AIM OF THE EXERCISE => The pictures stay out. Please retype every line below exactly.

DATASET CONTENT =>
..............................
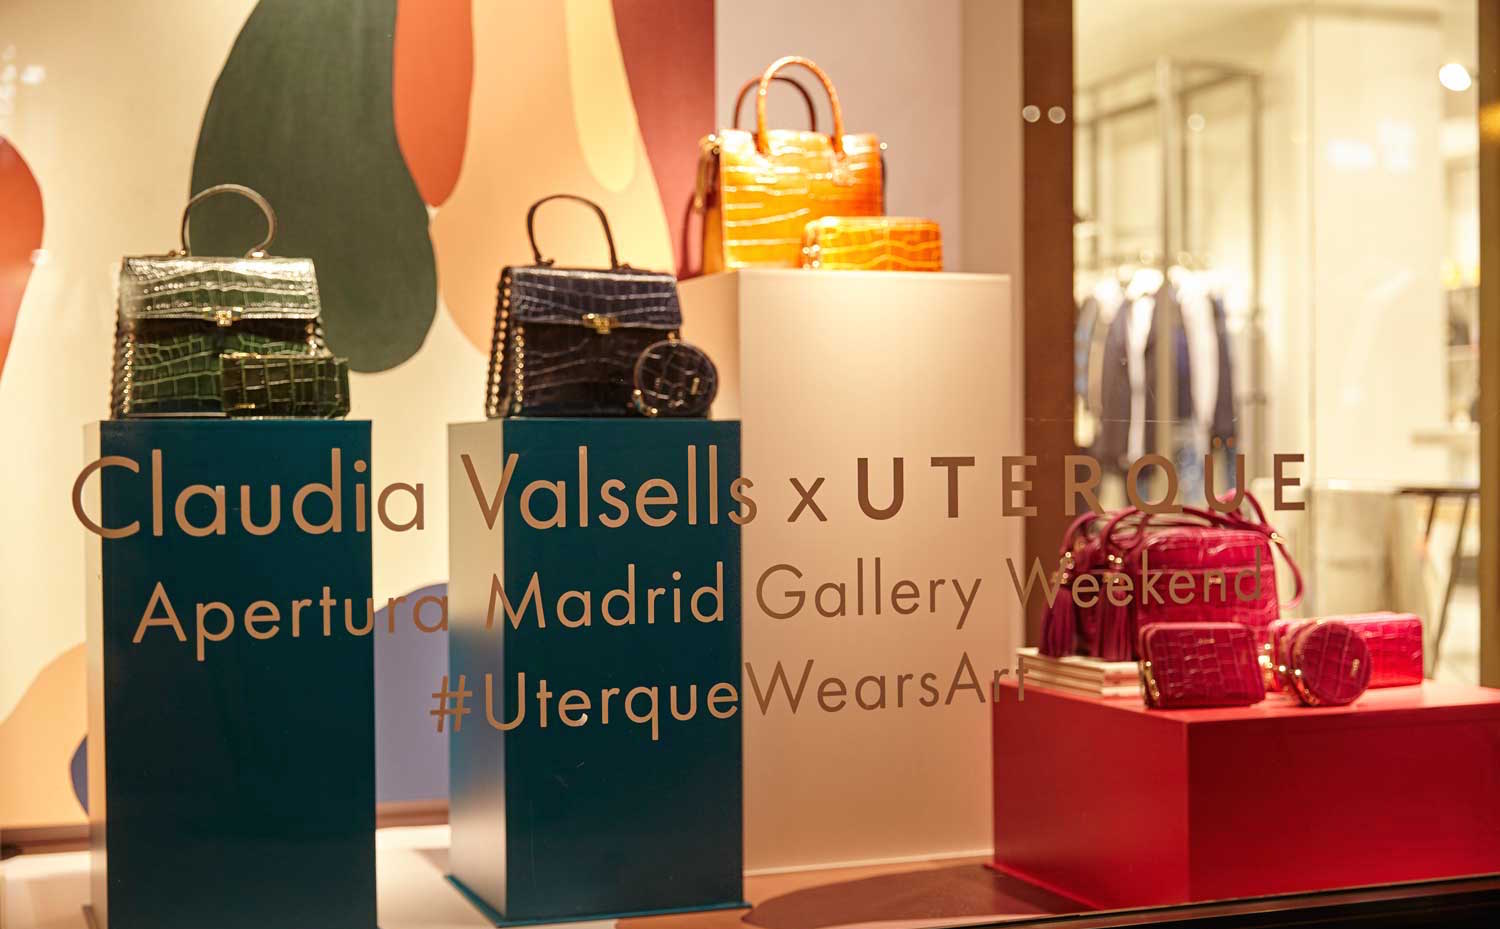 Escaparate de la tienda de Uterqüe en Madrid con obras de Claudia Valsells
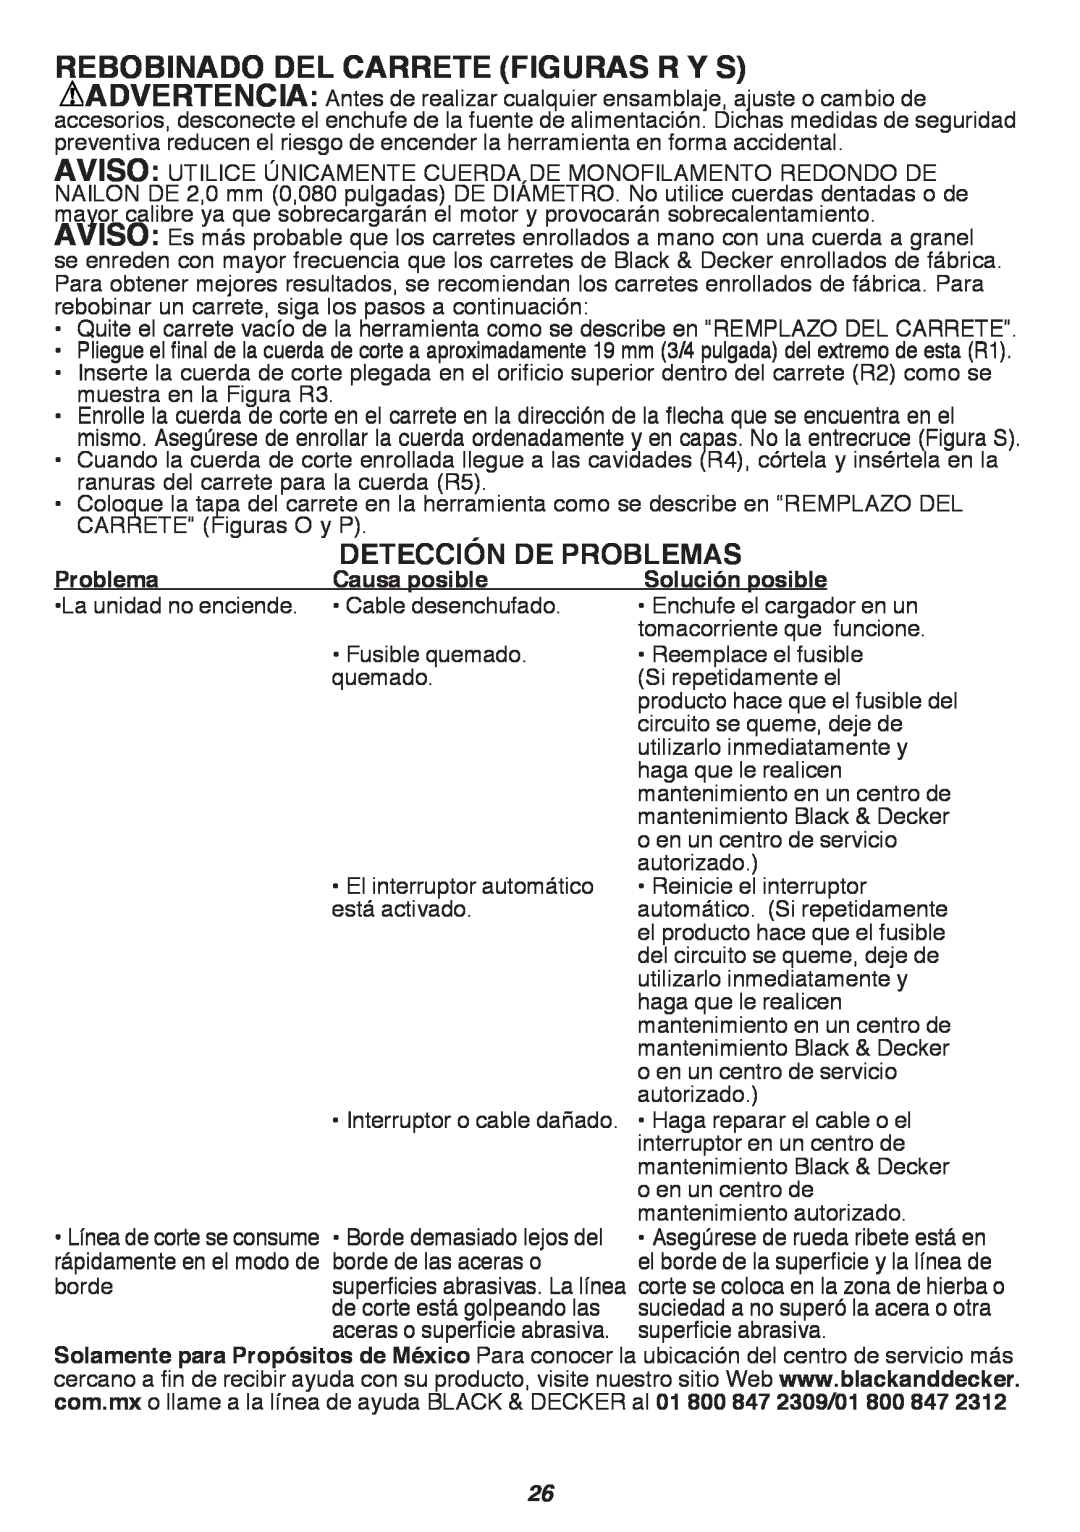 Black & Decker GH3000 instruction manual REBOBINADO DEL CARRETE figurAs R Y S, Detección de problemas 
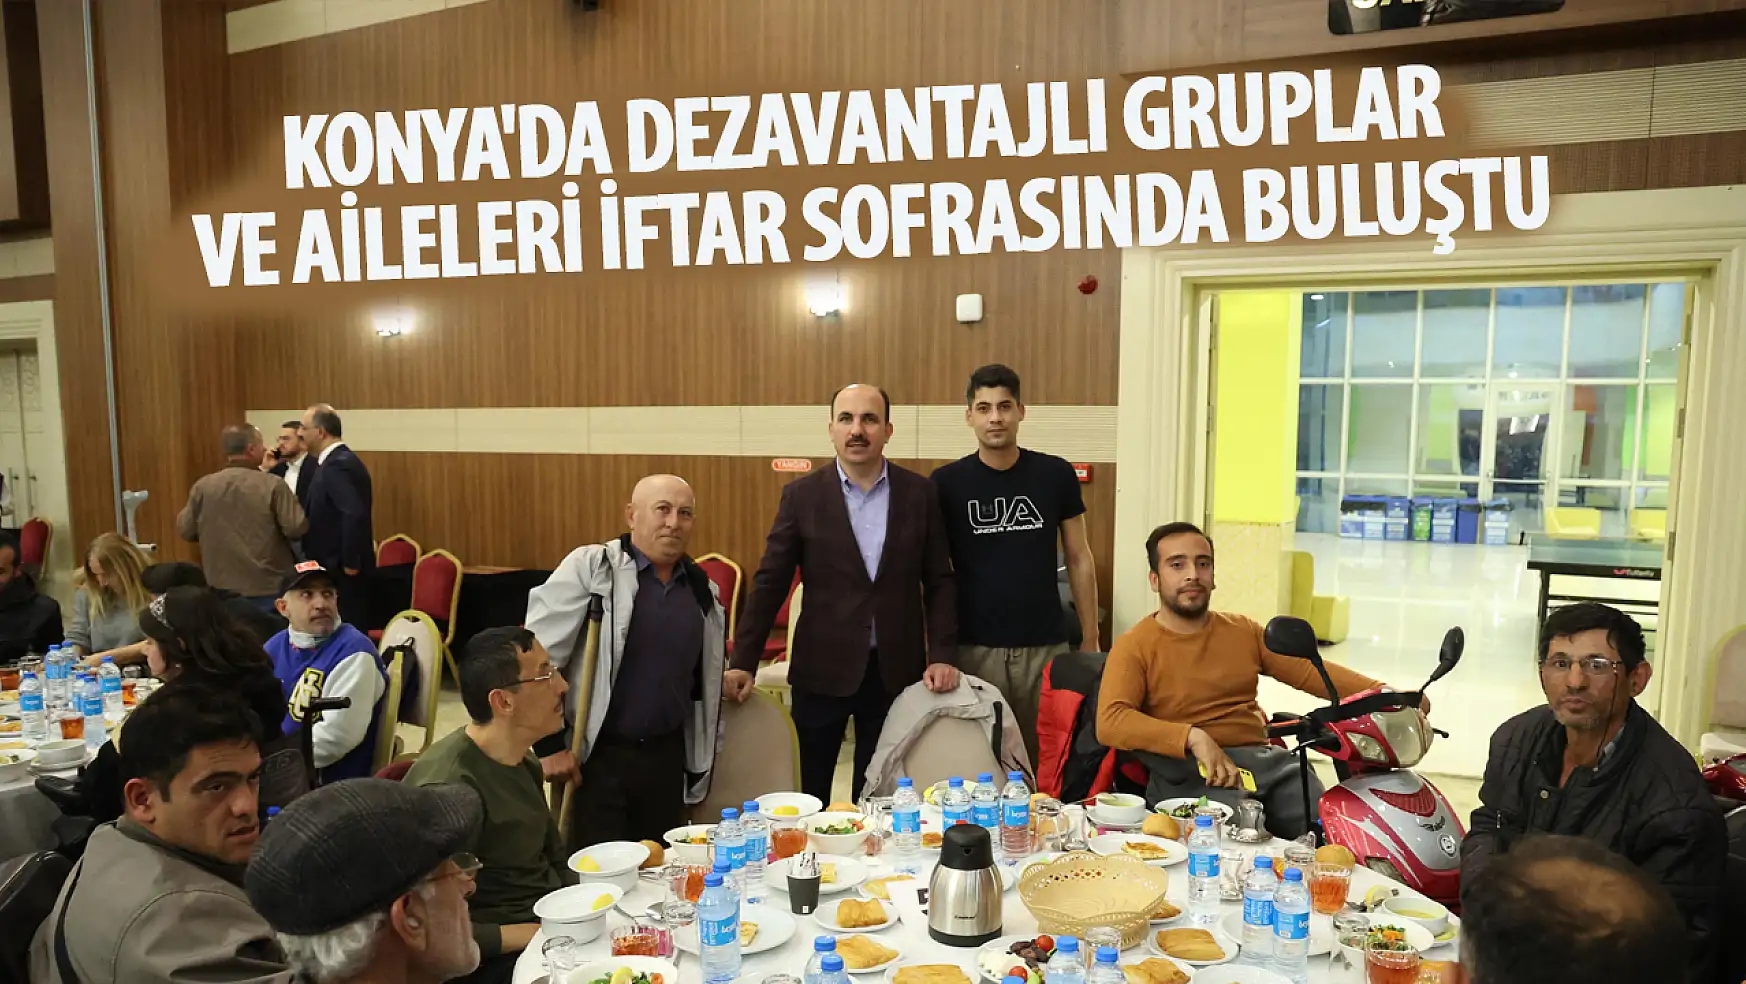 Konya'da Dezavantajlı Gruplar ve Aileleri İftar Sofrasında Buluştu
..............................
EXERCISE RESPONSE =>
 Escaparate de la tienda de Uterqüe en Madrid con obras de Claudia Valsells
 Black & Decker GH3000 instruction manual REBOBINADO DEL CARRETE figurAs R Y S, Detección de problemas 
 Konya'da Dezavantajlı Gruplar ve Aileleri İftar Sofrasında Buluştu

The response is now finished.